キク科(APG分類:キク科)の不耐寒性多年草であるが、通常一年草または越年草として取り扱う。園芸上は属名のヘリクリサムの名でよばれることが多い。また、俗にカイザイクということがあるが、真正のカイザイクは、同じくキク科の別種Ammobium alatum R.Br.である。茎は堅くて直立し、高さ60~80センチメートル、下部から分枝する。葉は互生し、披針(ひしん)形。茎頂に径3~5センチメートルで光沢のある麦藁(むぎわら)細工のような頭状花を開く。総包片は黄、白、赤茶、橙黄(とうこう)、桃色などがあり、中心の小さな管状花は黄色である。オーストラリア原産。花壇、切り花、ドライ・フラワーとして多く利用される。

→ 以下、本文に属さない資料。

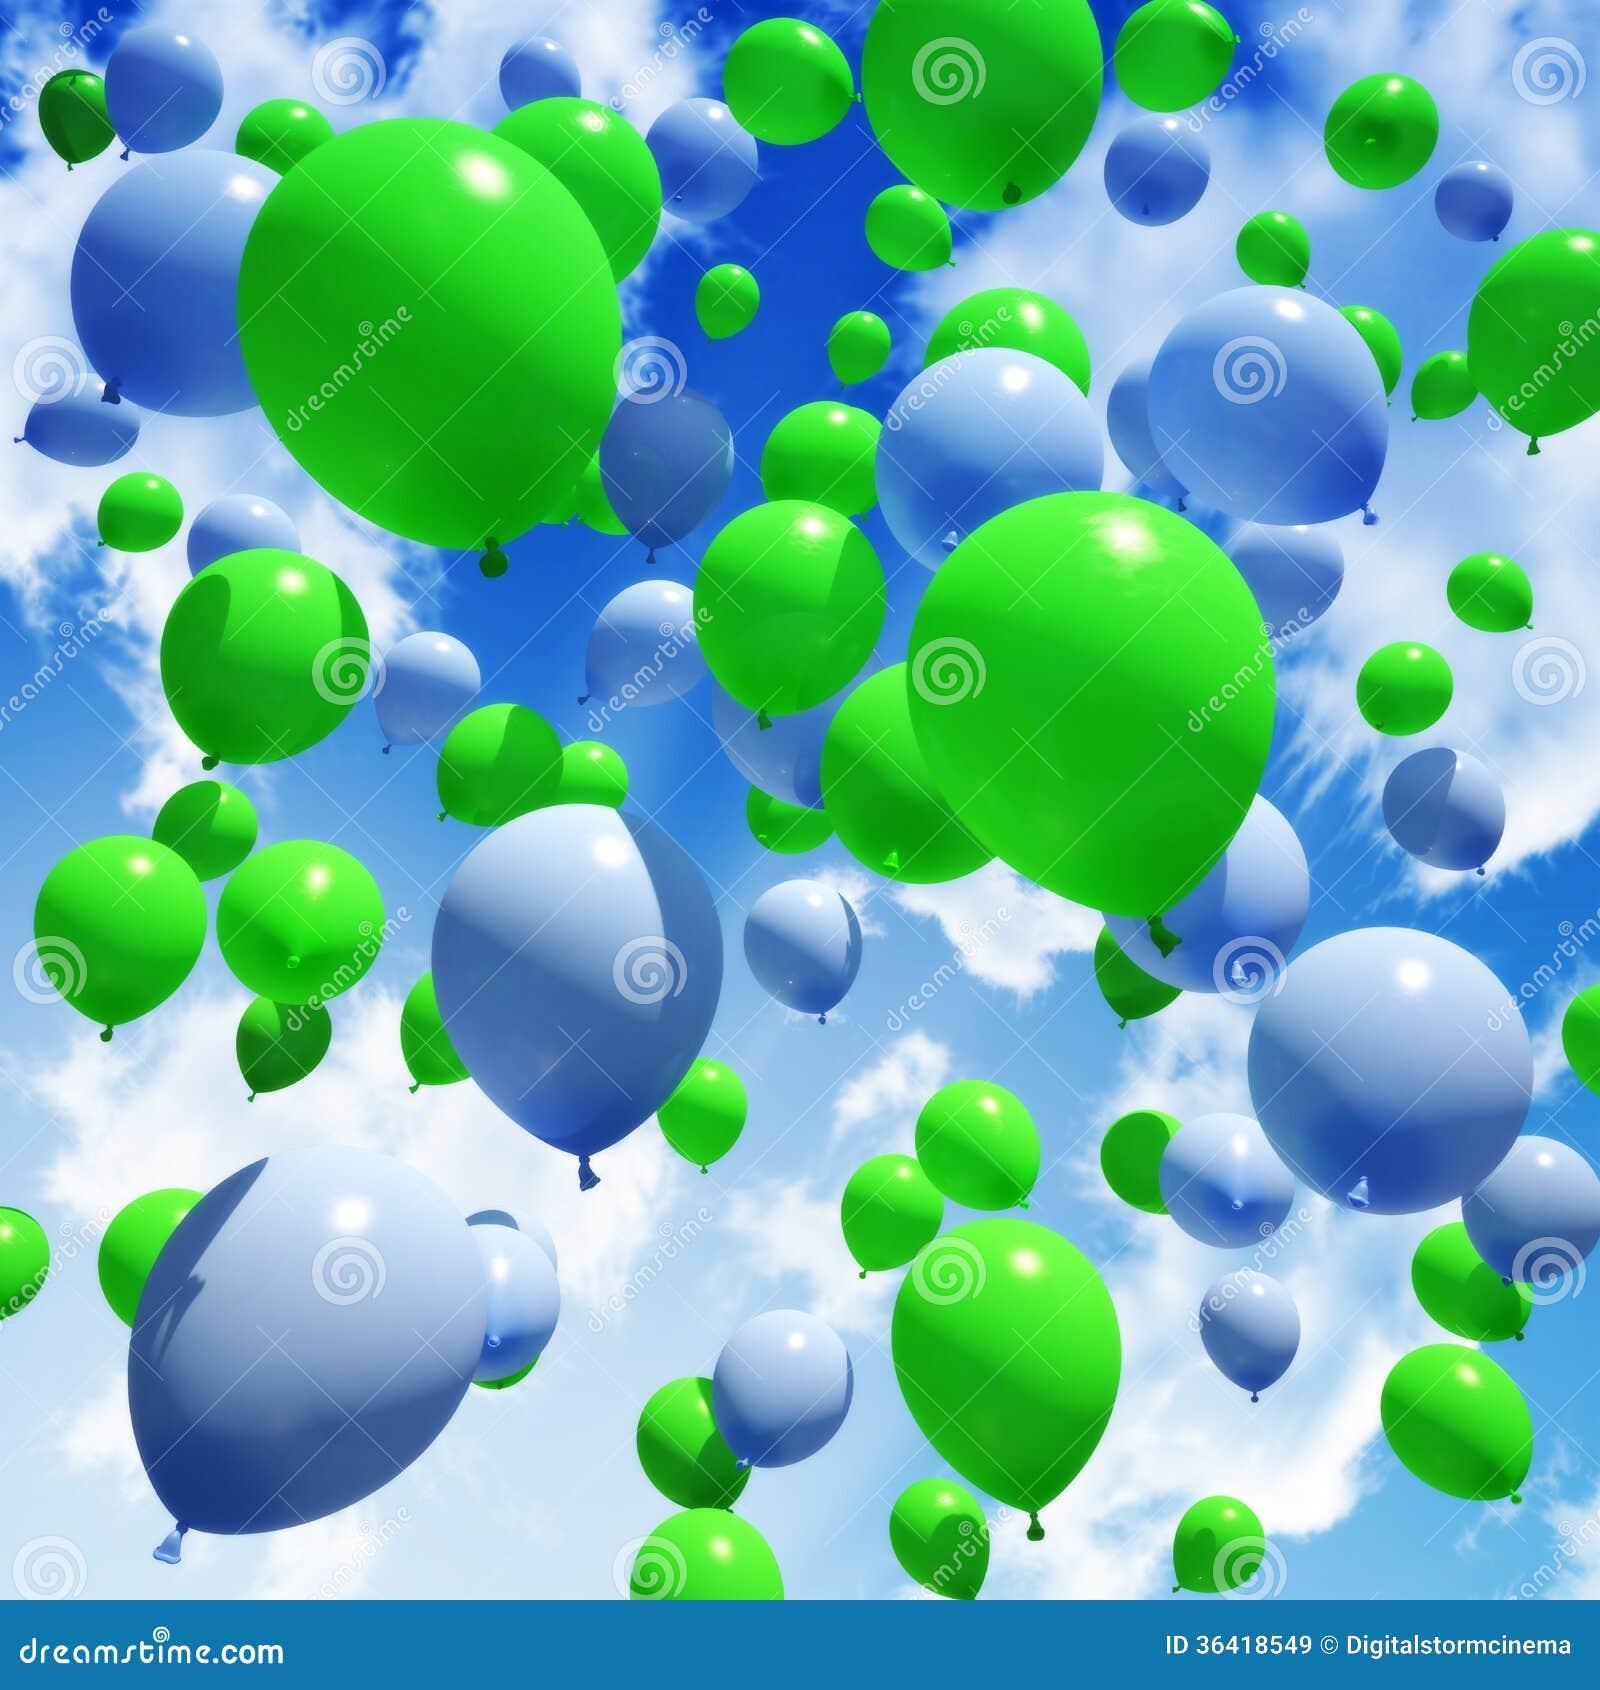 Green and blue balloons - Balloon

 ヘリクリサム属は約500種あり、薬効のある種もある。繁殖は実生(みしょう)により、3~4月に播種(はしゅ)し、4~10月に開花する。日当り排水のよい場所を好む。ドライ・フラワーにするときは、満開にならないうちに刈り取り、日陰逆さにつるしておく。

[籾山秀之 2022年4月19日]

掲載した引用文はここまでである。